» BRIEF:
Using the data below, transcribe exactly everything from the line that contains "novembro de 1979." down to the line that contains "All-New Ghost Rider". Include both of those lines and none of the pictures.

» RECORDS PROVIDED:
------------------------------------------------------------------------
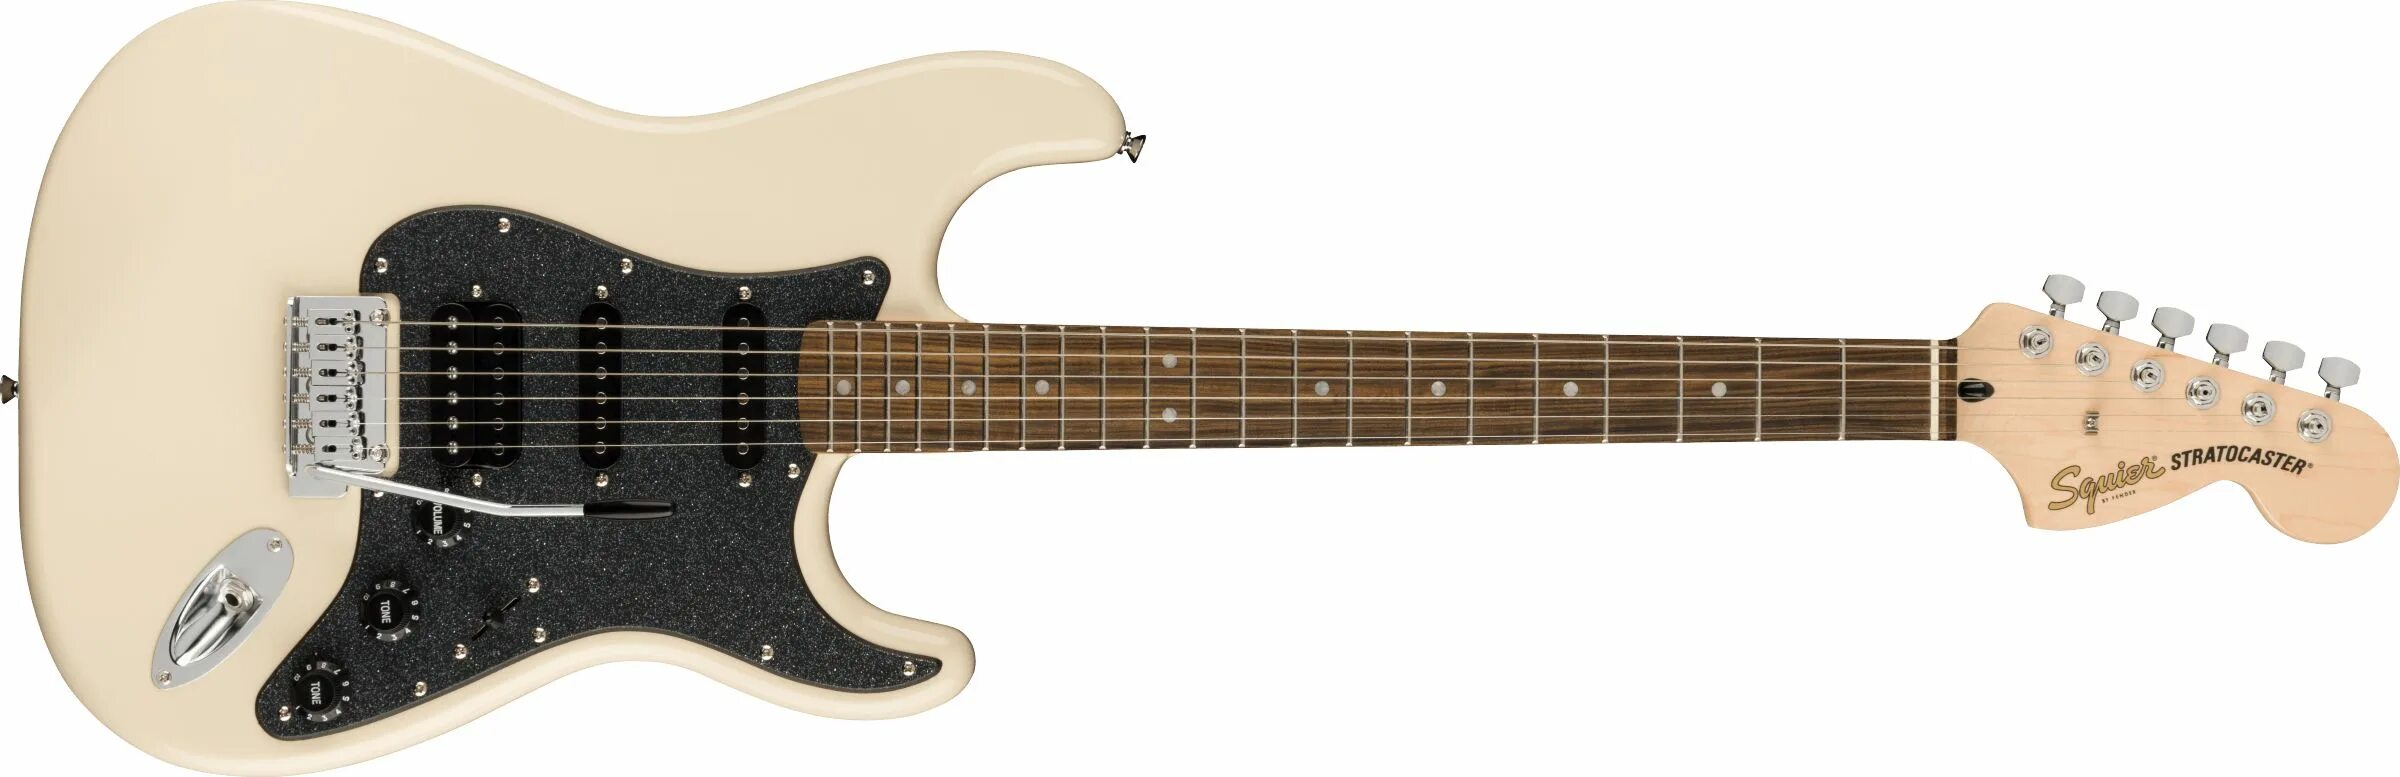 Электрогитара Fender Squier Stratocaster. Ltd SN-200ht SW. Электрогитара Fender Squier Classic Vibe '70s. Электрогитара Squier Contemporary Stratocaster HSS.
------------------------------------------------------------------------
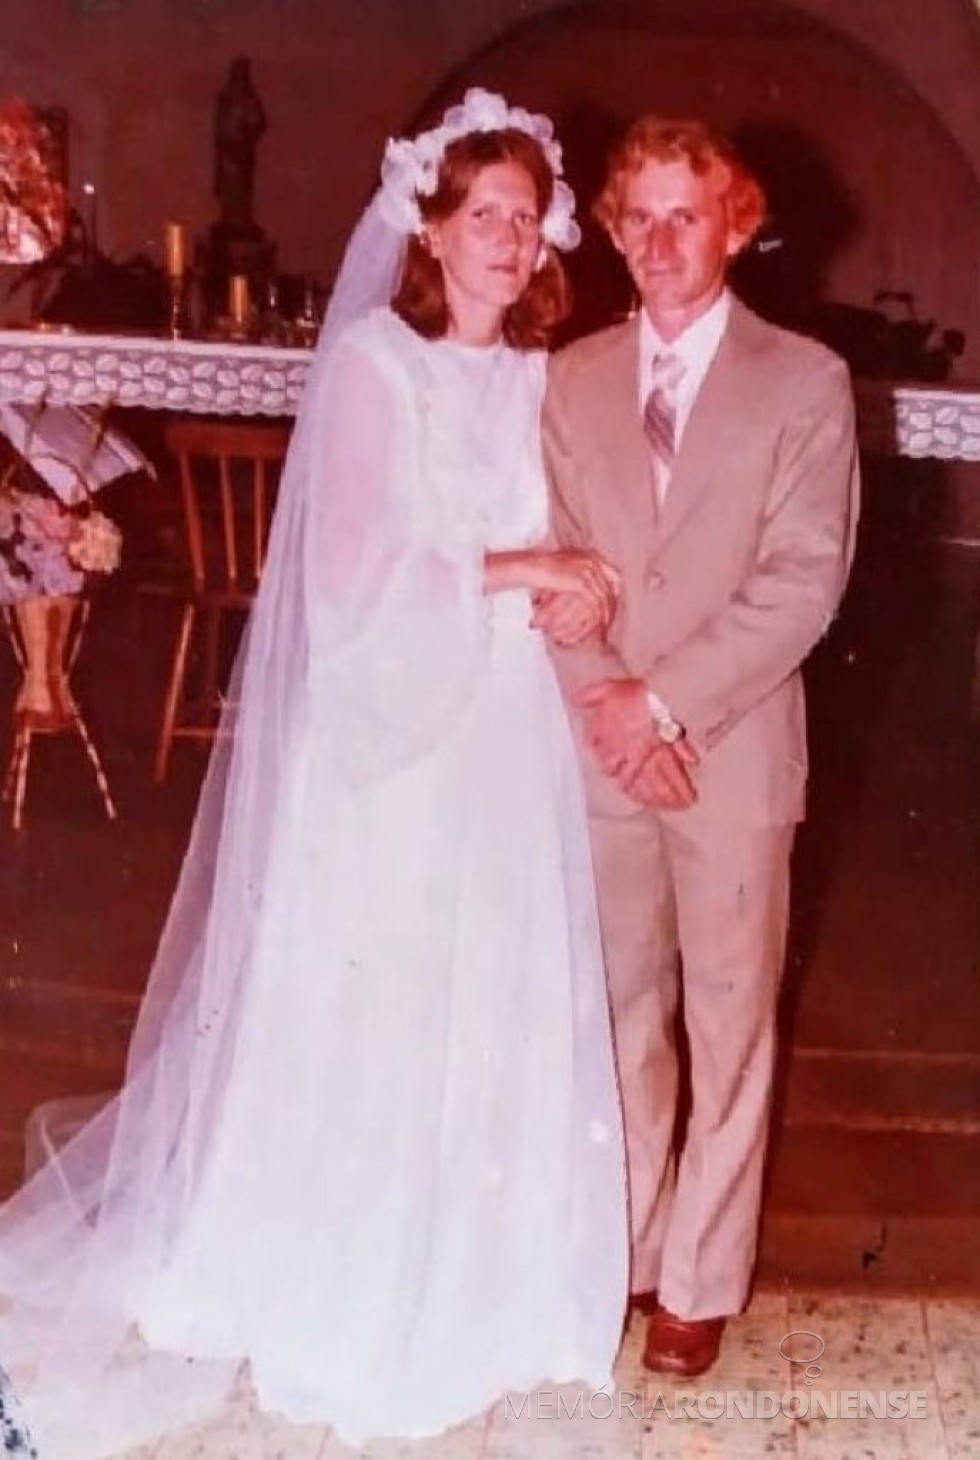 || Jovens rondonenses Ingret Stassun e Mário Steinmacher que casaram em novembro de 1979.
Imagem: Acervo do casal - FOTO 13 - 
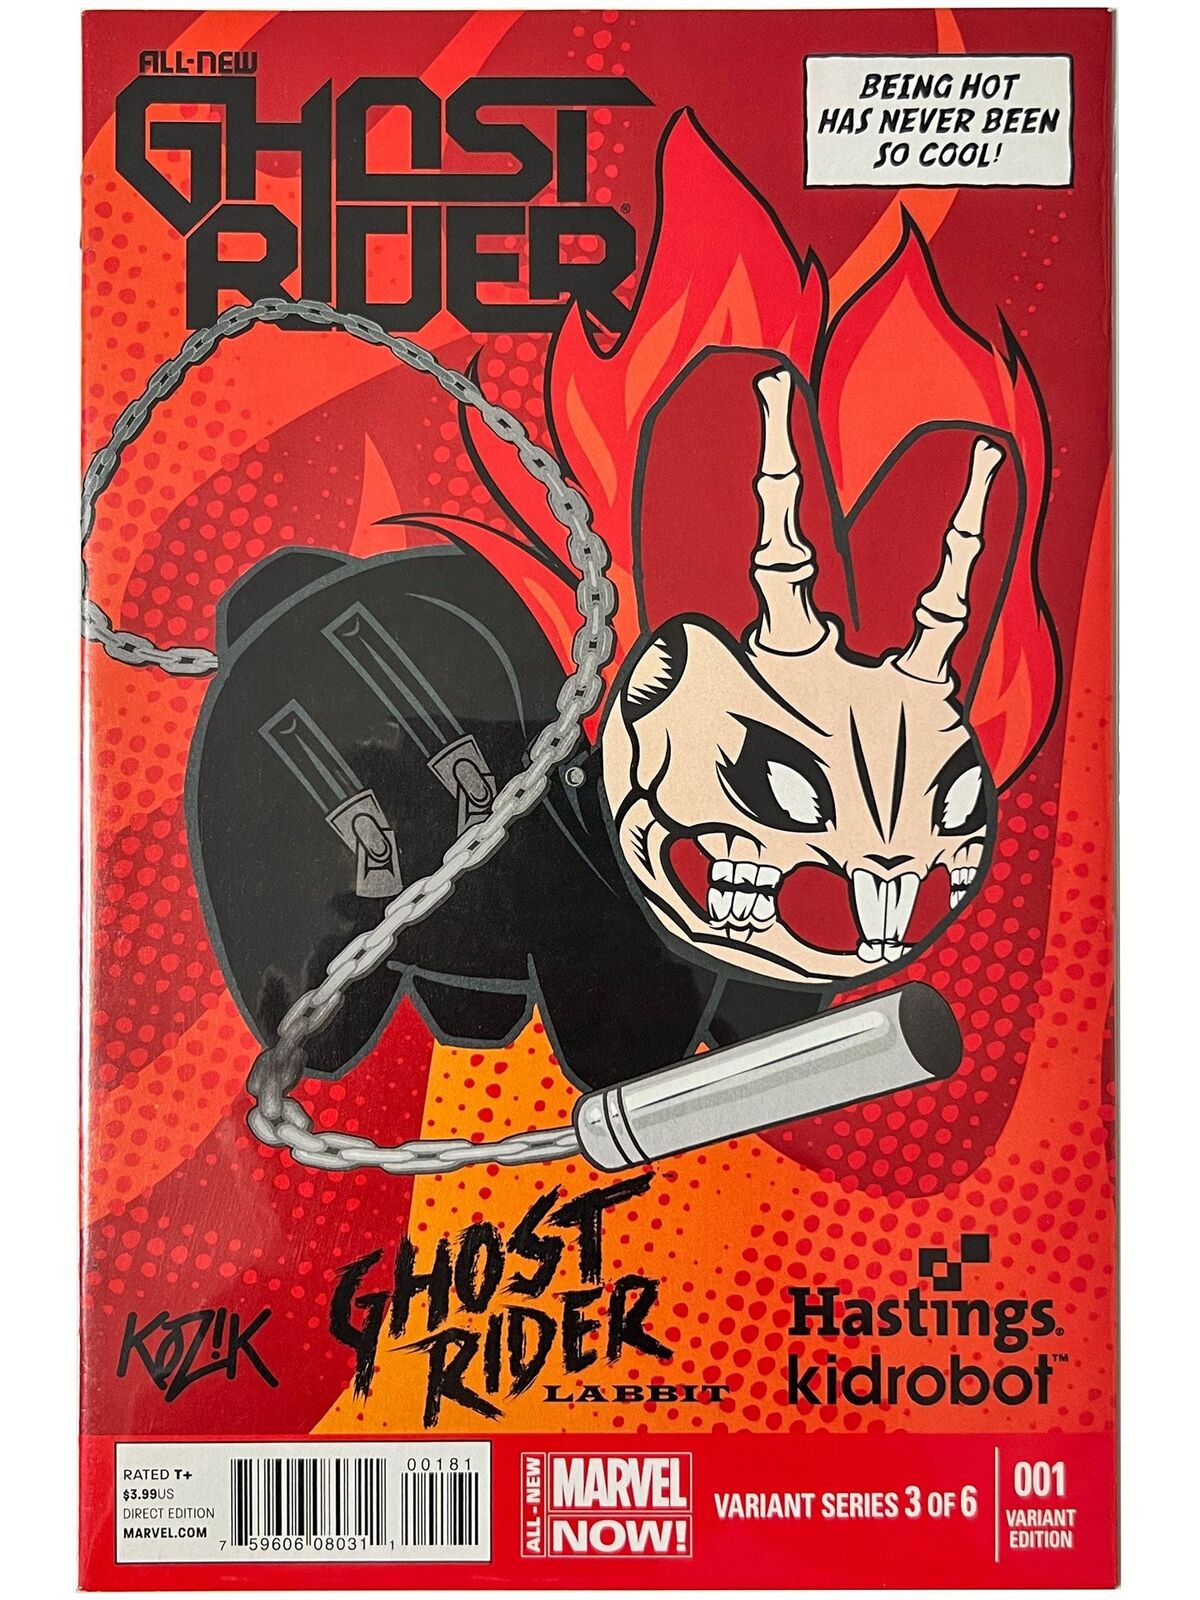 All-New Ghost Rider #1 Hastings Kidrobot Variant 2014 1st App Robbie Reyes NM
------------------------------------------------------------------------
» WRITTEN ANSWER:
 || Jovens rondonenses Ingret Stassun e Mário Steinmacher que casaram em novembro de 1979.
Imagem: Acervo do casal - FOTO 13 - 
 All-New Ghost Rider #1 Hastings Kidrobot Variant 2014 1st App Robbie Reyes NM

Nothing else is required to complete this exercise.